JAKARTA – Lembaga Penelitian serta Pengabdian Publik Universitas Bung Karno (LPPM UBK) melaunching buku Bunga Rampai Periode Bung Karno Refleksi Membangun Karakter Bangsa di dalam auditorium Perpustakaan Nasional.
Ketua LPPM UBK Ali mengatakan, peluncuran buku bunga rampai yang bertajuk Refleksi Membangun Karakter Bangsa ini merupakan rangkaian kegiatan Bulan Bung Karno.
Ali yang bertekad terus meluncurkan buku baru setiap peringatan serius Periode Bung Karno mengucapkan terima kasih terhadap para penulis dari dosen lintas fakultas dan juga universitas di area Jakarta.
“Peluncuran buku ini merupakan rangkaian dari kegiatan Bulan Bung Karno yang dirayakan setiap tahunnya. LPPM UBK bertekad terus berkarya untuk menerbitkan buku-buku Bung Karno setiap tahunnya. Saya mengucapkan terima kasih untuk para penulis dari dosen lintas fakultas serta universitas yang dimaksud ada di area Jakarta,” ujar Ali, Selasa (10/9/2024)

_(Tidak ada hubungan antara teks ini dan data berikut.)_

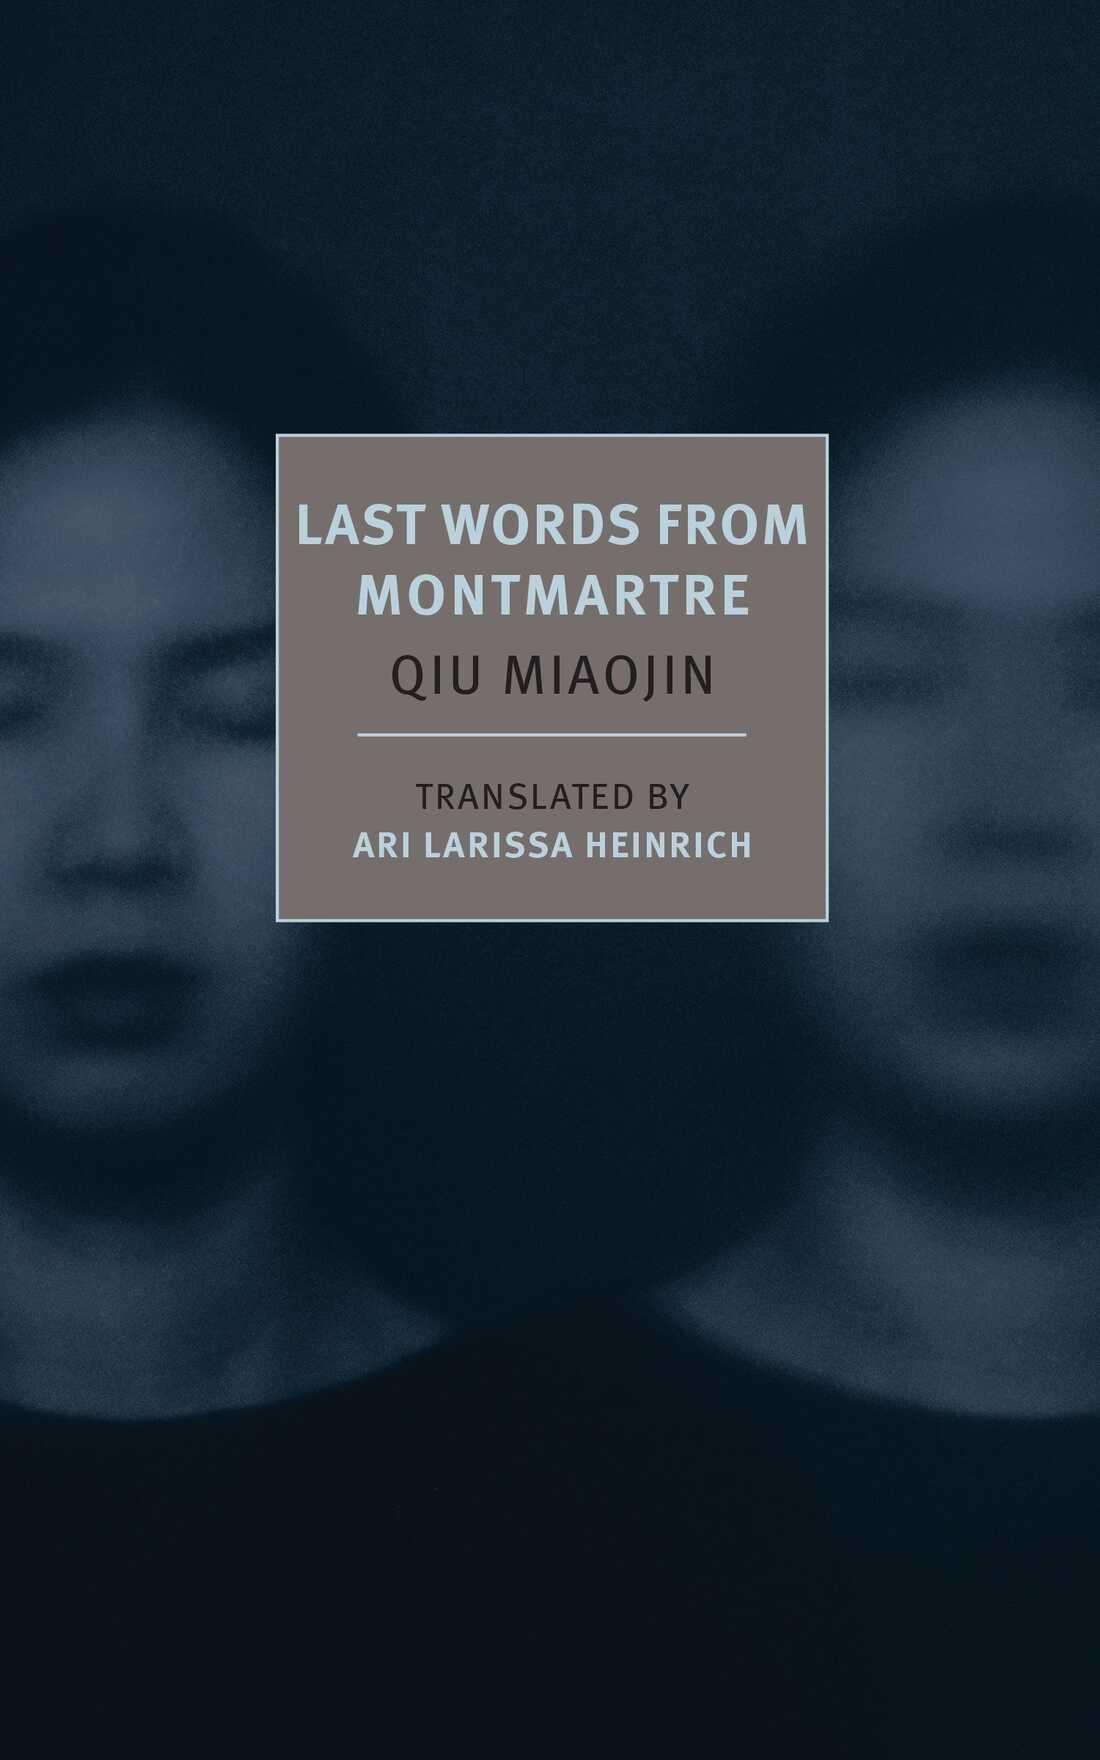 Last Words from Montmartre, by Qiu Miaojin, translated by Ari Larissa Heinrich
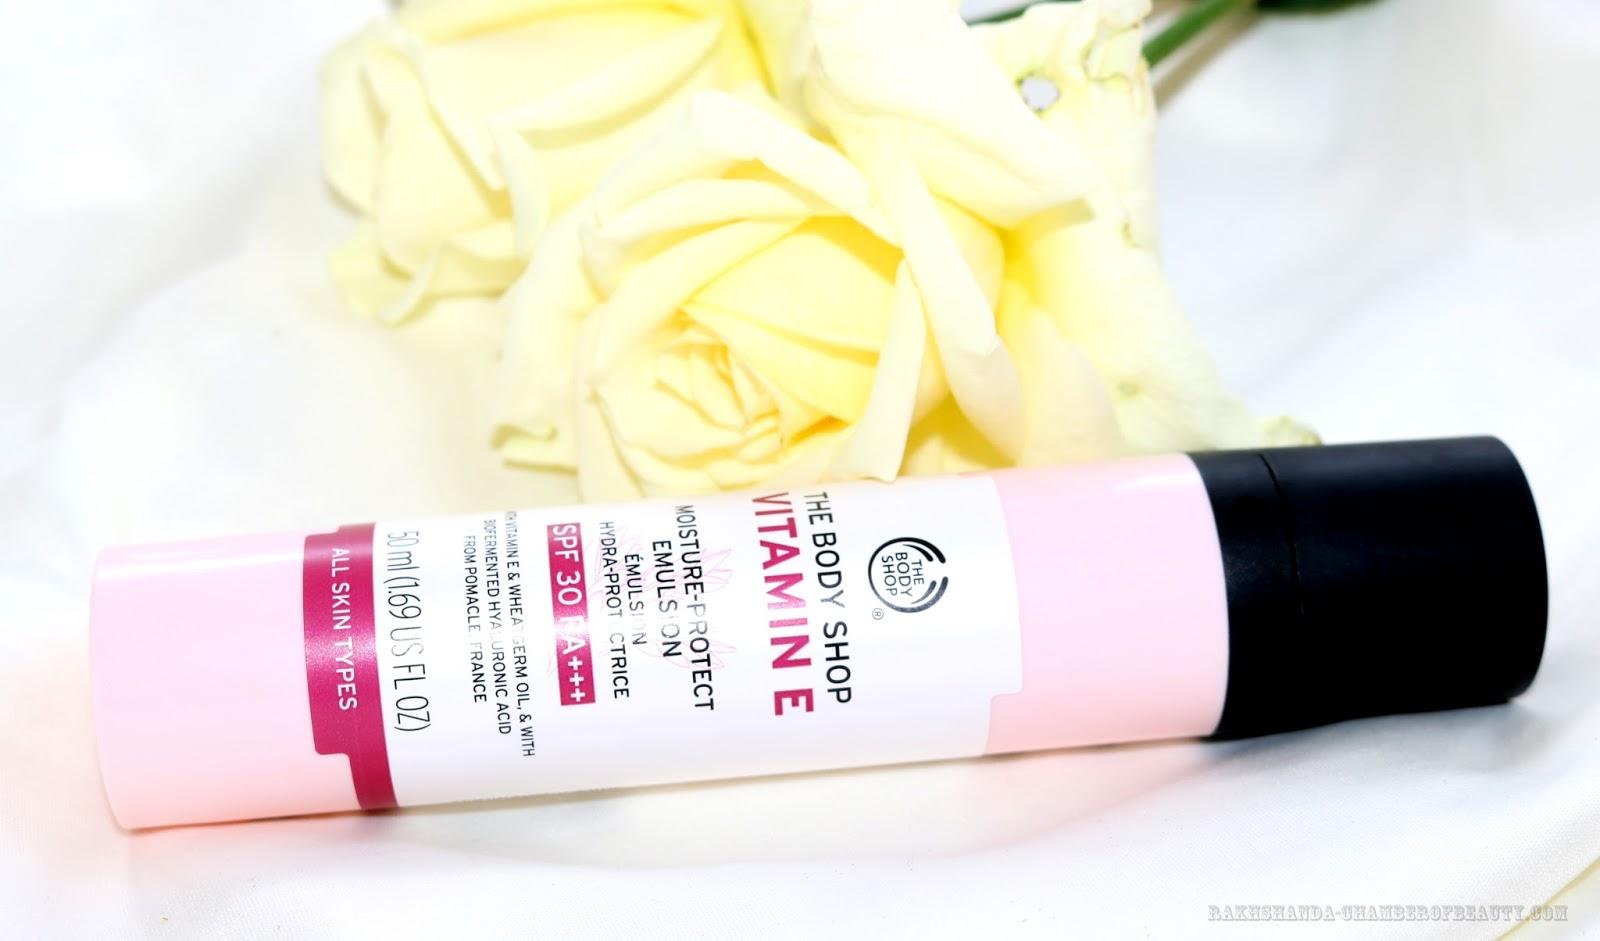 Review - The Body Shop Vitamin E Moisture-Protect Emulsion SPF30/PA+++,Indian beauty blogger, rakhshanda-chamberofbeauty.com

Peluncuran buku yang tersebut diselenggarakan LPPM UBK dihadiri Ketua Umum Yayasan Pendidikan Soekarno Muhammad Marheandra Putra, Rektor UBK Didik Suhariyanto, dan juga para penulis selain dosen internal UBK juga dari berbagai kampus lainnya seperti Universitas Diponegoro, Universitas Guna Darma, Universitas Nahdlatul Ulama Jakarta, Universitas Muhamadiyah Maluku Utara, juga Universitas 17 Agustus Semarang.
Rektor UBK Didik Suhariyanto menegaskan pentingnya merancang karakter bangsa yang dimaksud telah terjadi ditanamkan oleh pendiri bangsa kita Bung Karno. Jika karakter bangsa sudah ada kuat, maka tidak ada ada lagi penduduk yang tersebut mau menerima urusan politik uang.
Misalnya hanya saja akibat sebungkus mi instan, penduduk mau milih kepala wilayah yang tersebut bukan dikehendakinya. “Membangun karakter bangsa atau national building itu sangat penting, dikarenakan jikalau karakter bangsa Indonesia sudah ada kuat, maka tidak ada adalagi penduduk yang digunakan menerima urusan politik uang atau hanya saja dengan sebungkus mi instan rela menggadaikan calon pimpinan tempat pilihannya,” ungkapnya.